Só que alguns têm um conhecimento imperfeito. É como um cego que está andando num local desconhecido e ele vai apalpando para tentar eh descobrir a localidade. É assim que Paulo eh traça os gentios. Mas embora Deus eh eh seja buscado como alguém que tateia no escuro, ele não está longe de cada um de nós. E agora Paulo vai complementar essa figura de um Deus pessoal com a obra dos poetas gregos. Vamos ver aqui o verso 28. Por que Deus não está longe de nós? Atos 17:28. Pois nele vivemos e nos movemos e existimos, como alguns
dos vossos poetas têm dito, porque dele também somos geração. Quais são os poetas que são citados aqui? A primeira parte vem de uma obra chamada Crética de Epimênides. Então, Epimedes está aí mais de 500 anos antes de Paulo. E ele escreve esse poema chamado Crética, essa obra chamada Crética, onde está o poema. E o poema é assim, o poema faz parte do culto a Zeus. E diz o seguinte: "Construíram uma sepultura para ti, ó Santo e Altíssimo." Está falando de Zeus aqui. Os cretenses sempre mentirosos, feras terríveis, ventres preguiçosos. Mas tu não estás morto. Vives
e habitas para sempre, pois em ti vivemos e nos movemos e existimos. Então Paulo está citando parte aqui desse poema para mostrar que Deus é um Deus pessoal, está perto de nós.
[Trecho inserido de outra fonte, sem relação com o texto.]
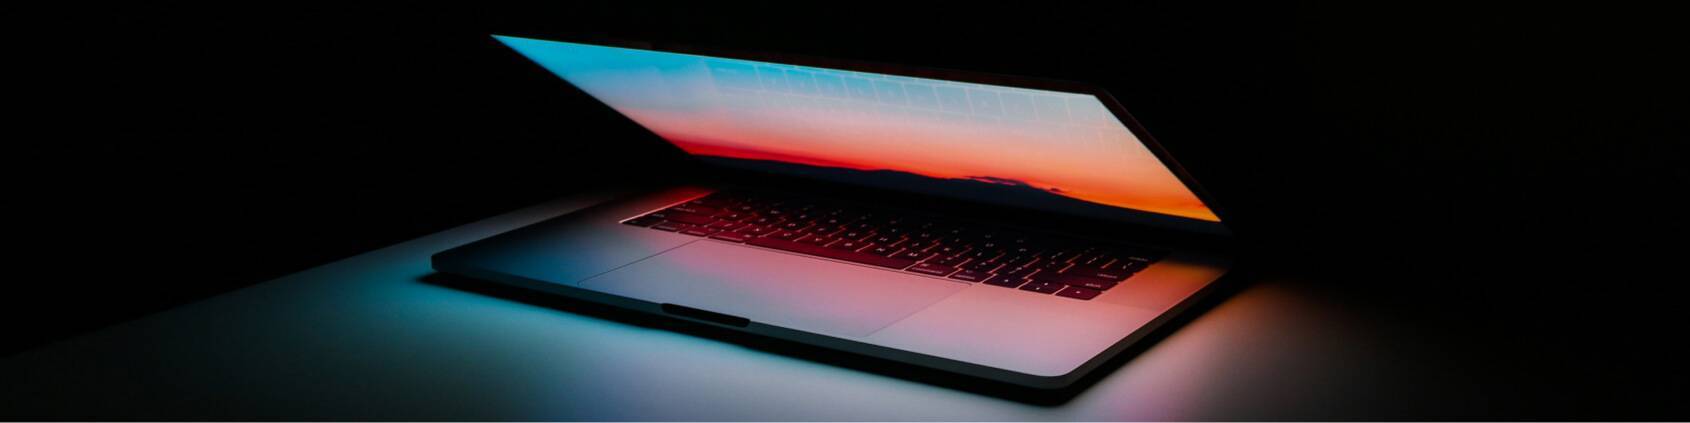 Half closed laptop sits on a table in a dark room. The computer glows with a red screen.

Apenas a título de de informação e curiosidade, na carta a título, Paulo usa outra parte desse poema aqui. Olha aqui, os cretenses sempre mentirosos, feras terríveis, ventres preguiçosos. Veja aqui Tito capítulo 1 versos 12 e 13 diz assim: "Foi mesmo dentre eles um seu profeta que disse: Cretenses, sempre mentirosos, feras terríveis, ventres preguiçosos". Então aqui em Tito, Paulo também faz uma citação desse mesmo
poema. Agora vamos para essa parte final aqui, quando Paulo diz: "Porque dele também somos geração." Esse aqui é um poema de Arato de Sol chamado Fenôena. é um poema que fala aí dos dos fenômenos cósmicos, planetários, da astronomia. Tá ali cerca de 200 anos antes de Paulo. E o poema é assim: "Com os Zeus comecemos, ele nós mortais, nunca o deixamos anônimo. Cheias de Zeus estão todas as ruas e todos os mercados dos homens. Cheios estão mar e os céus acima. Todos sempre necessitamos de Deus. Esse Deus aqui é Zeus, porque dele também somos geração.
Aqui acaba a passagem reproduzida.